Сначала Лени позвонила отцу, но услышала голос на автоответчике: «В настоящий момент я занят. Свяжусь с вами позже». Эдуар Бауэр сам, без посторонней помощи, уничтожал самое ценное из того, что у него было.
Тогда Лени позвонила матери. Нора была в гостях у своих родителей. В одну и ту же секунду они обе подумали об одном и том же: до клуба всего сто метров.
Джона.
Конечно, кто же еще?
Что ему сразу понравилось в Норе, что поразило его и перевернуло весь его мир – мир человека, который считал себя сделанным из стали и думал, что сердце у него механическое, – так это нежность, с какой она смотрела на дочь. Как она касалась ее головы, поправляя заколку, а затем отступала, исчезала – когда Лени подходила к стартовой линии, пальцами ног пробуя сопротивление воздуха. Как бережно относилась к ней, никогда не забывая о том, как остро та на все реагирует, выполняла ее просьбы, боялась нарушить ее сосредоточенность, четко видела границу между взрослым и ребенком, бок о бок существовавшими в ее дочери. Была предельно внимательна и готова защитить ее, если понадобится, в то же время сохраняя простоту и легкость. Была как его приемная мать – но эта мысль лишь на мгновение мелькает в его голове, мечется в ней словно перепуганная птица, случайно залетевшая в комнату, он тут же прогоняет ее, и ему становится немного больно.
Он даже не заметил, как Нора вошла в его жизнь, – ведь она приходила не одна, их было двое, чемпионка и ее мать. Нора продвигалась вперед сначала медленно, шаг за шагом, затем все быстрее и быстрее – после тех слов ее мужа: «Если вы оба действительно так хороши, как все говорят, то справитесь сами». После того как Эдди встал у них на пути, спутал все карты, изменил правила в свою пользу.

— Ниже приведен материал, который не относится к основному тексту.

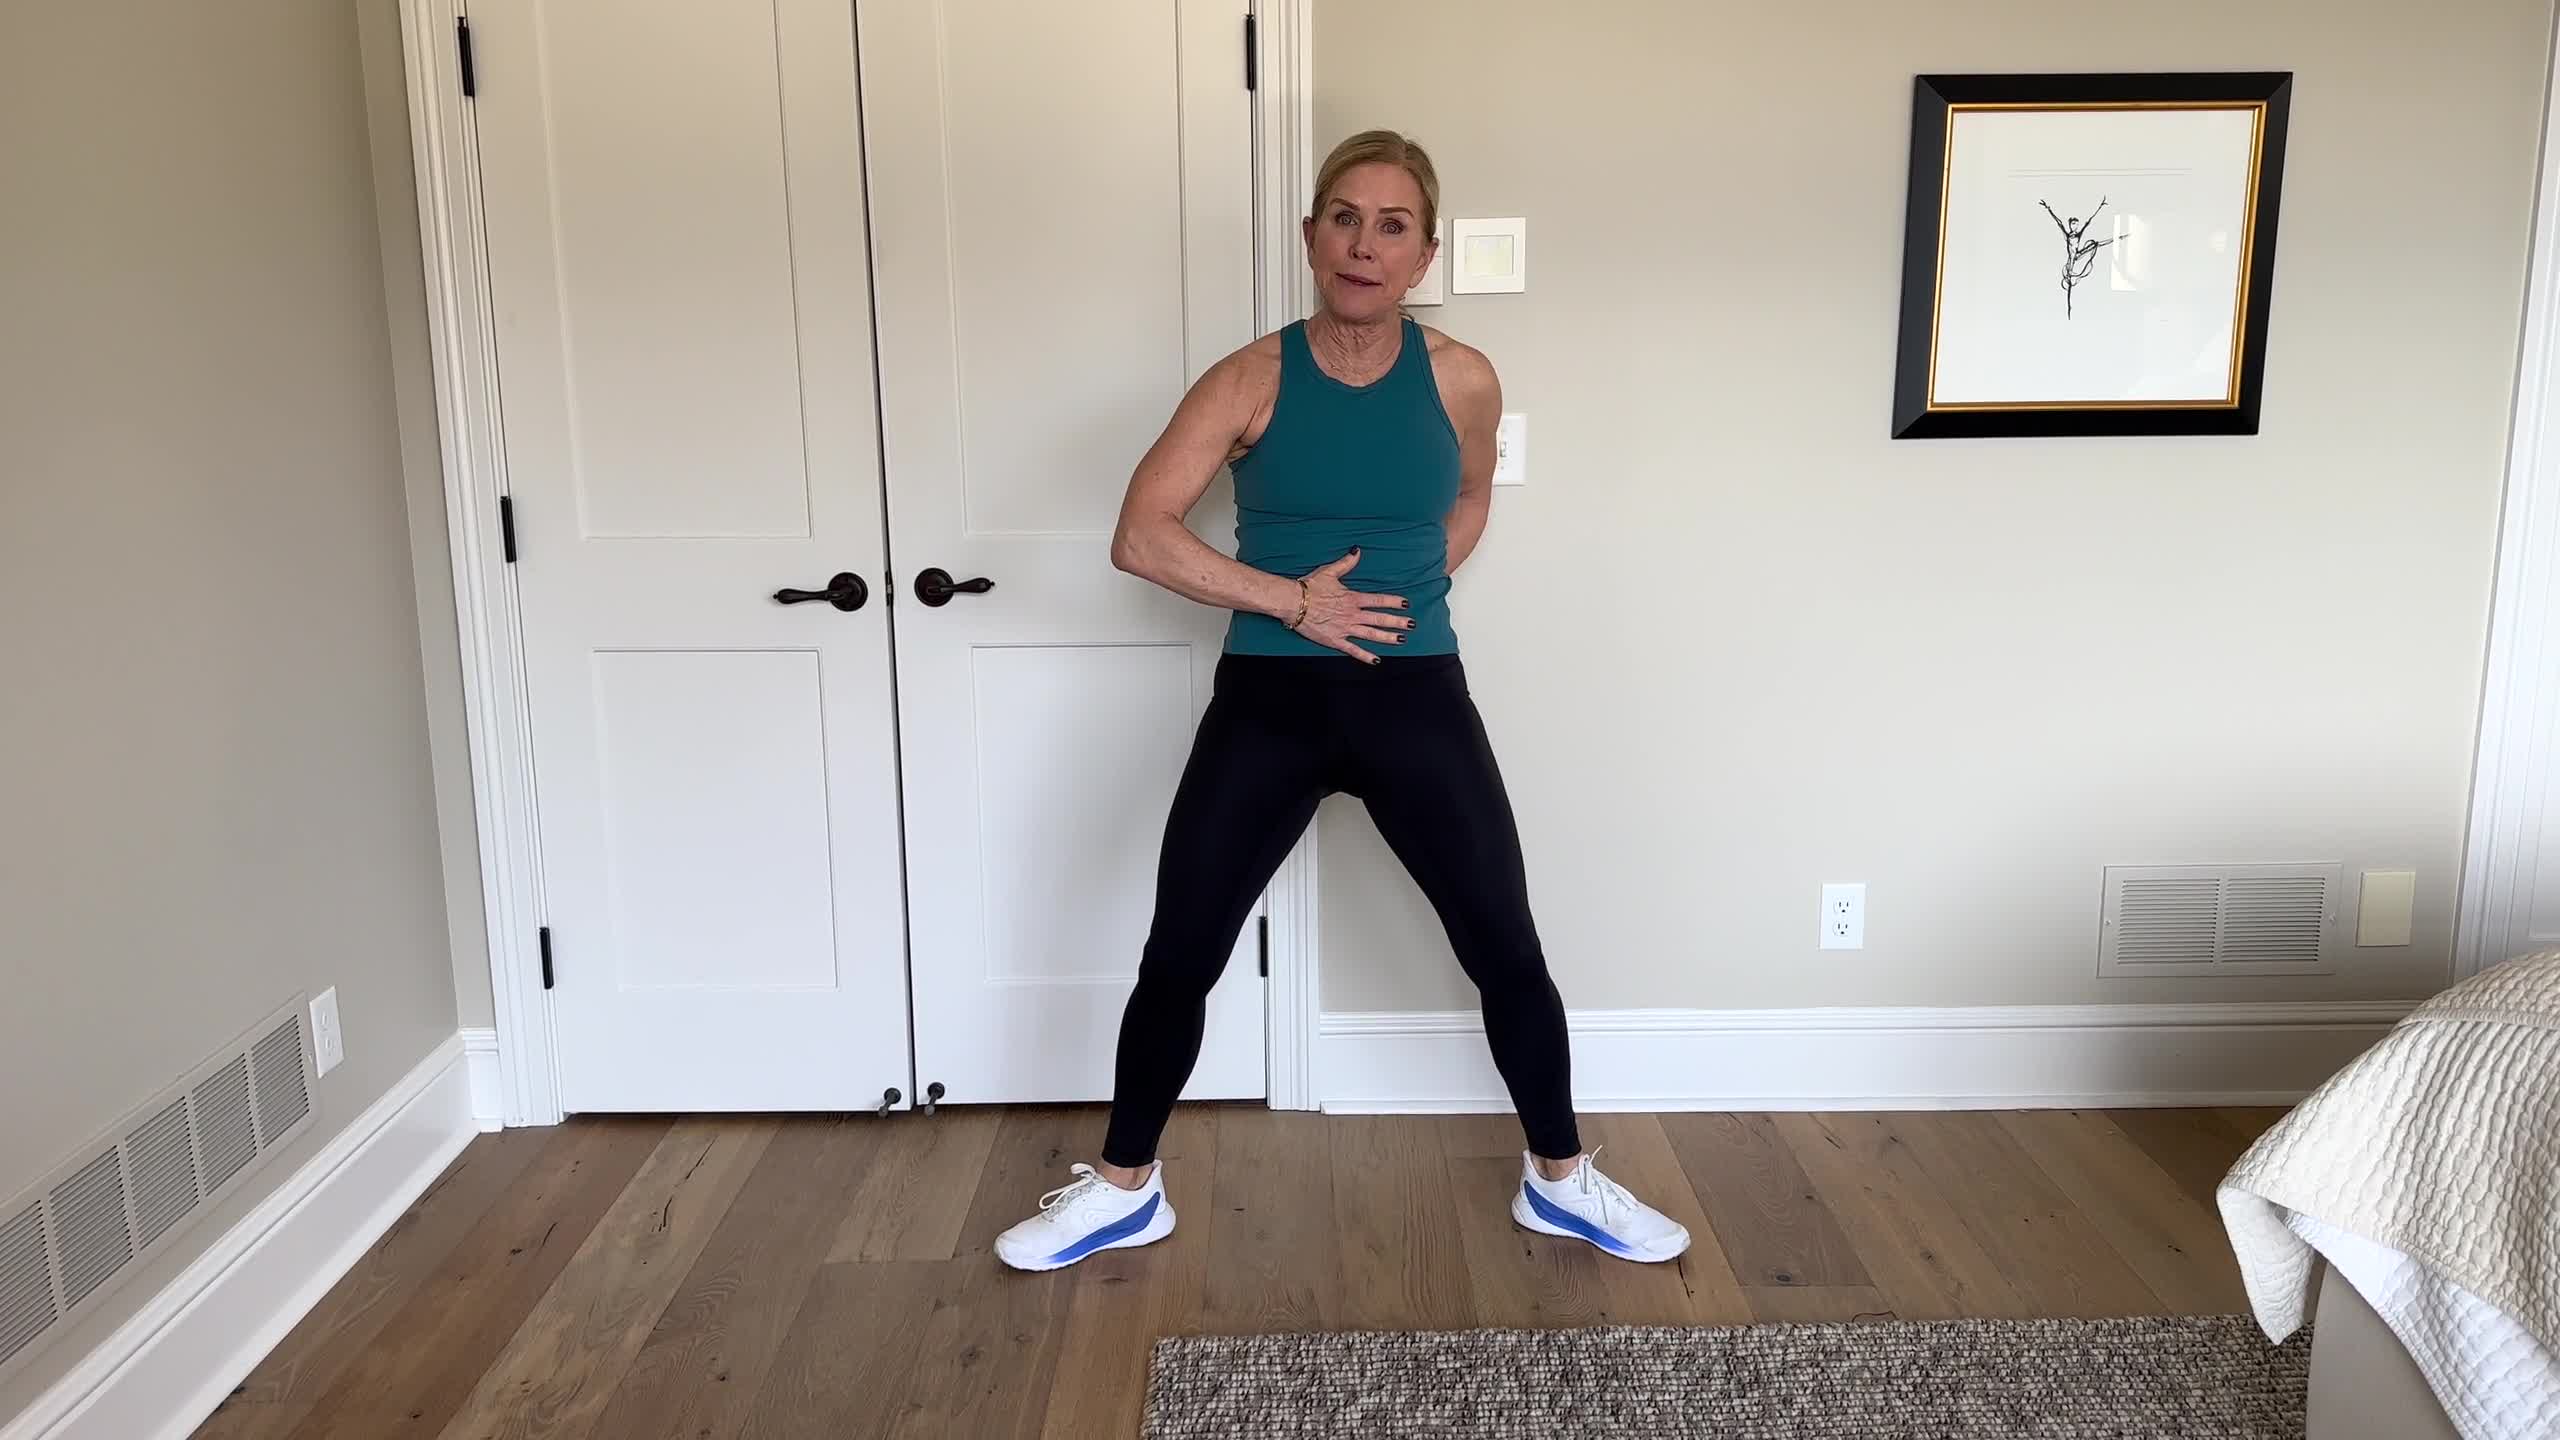 10-Minute Belly and Butt Workout

Нора стала приходить чаще. Предложила Джоне помощь, и он согласился, потому что видел: здесь ей легче дышать, ее лицо прояснялось, едва она переступала порог зала. И еще потому, что Лени была этому рада. Как и он сам, если уж быть до конца честным. День за днем, месяц за месяцем их тройственный союз становился все крепче, все устойчивее. Прислонившись к нему, мать и дочь восстановили свои права на земли, брошенные их мужем и отцом. Засохшие поля вновь покрылись цветами, предвещая возвращение радости.

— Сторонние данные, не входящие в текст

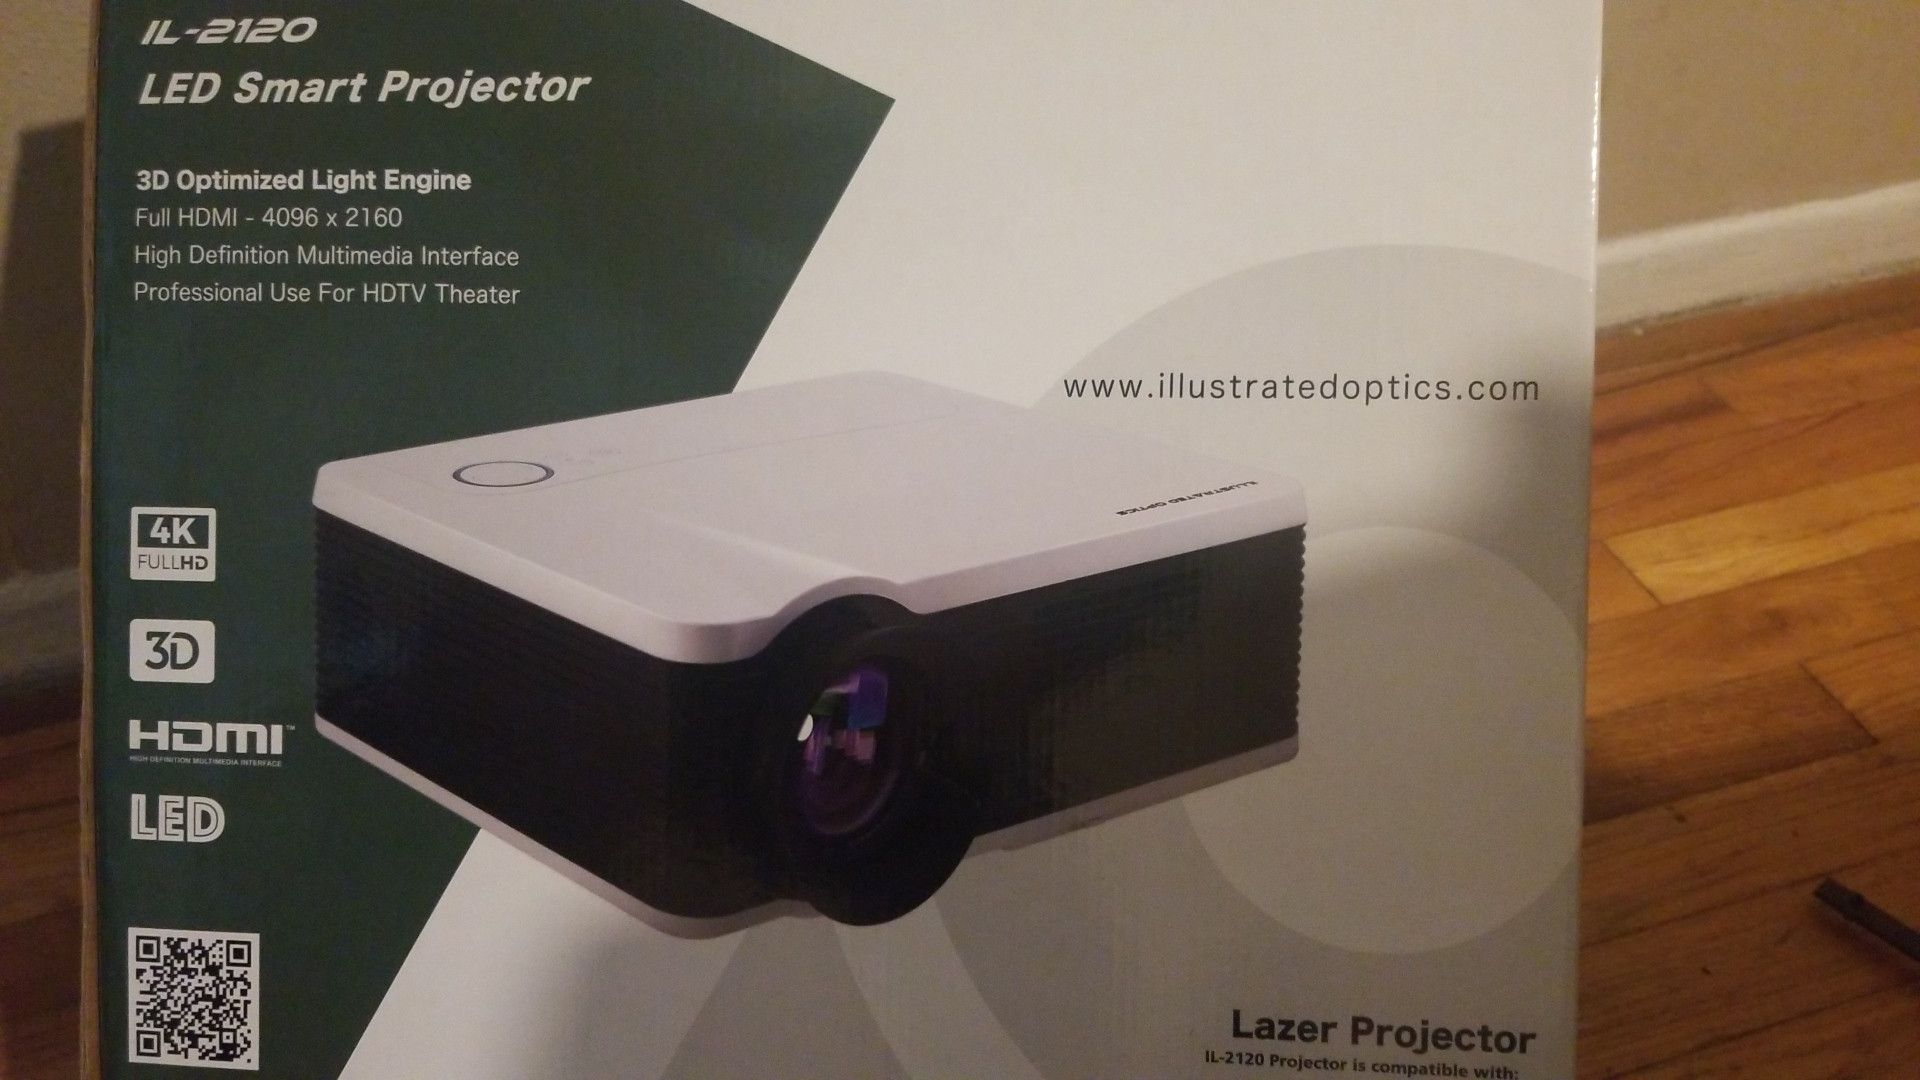 LED Smart Projector

Он ничего не ждал взамен. Иногда у него вдруг начинала кружиться голова, если мимо проходила женщина, от которой пахло теми же духами, что и от Норы. Иногда он закрывал глаза в объятиях Индиры или Сольвейг и видел ее, только ее, ощущал ее дыхание. И конечно, вздрагивал, если она задевала его руку, когда они вместе складывали чистые полотенца или когда он протягивал ей стакан холодной воды после того, как они заканчивали убирать гантели. Дрожь становилась сильнее, когда он показывал ей упражнения, – она жаловалась на постоянную боль в спине, на капризные шейные позвонки, и он прекрасно знал, почему она так напряжена и кто в этом виноват. Проводя руками поверх ее футболки, он мягко нажимал пальцами, находил болевые точки, и она выпрямлялась, расправляла плечи, будто сбрасывая груз усталости, и становилась ослепительно красивой, и дело было не в тонко очерченном профиле или узкой талии – внешность у нее была, в общем-то, самой обычной, – а в атмосфере, которая ее окружала, в необыкновенном ощущении, которое возникало в ее присутствии. И если потом, в самом конце, она ложилась на коврик и он помогал ей тянуться, внутри у него тут же начинал звучать тревожный сигнал, напоминая о долге, который сковывал его, об обязательствах: Нора была матерью Лени, ничто не должно нарушить заведенный порядок, поколебать спокойствие девочки и заставить ее усомниться в нем.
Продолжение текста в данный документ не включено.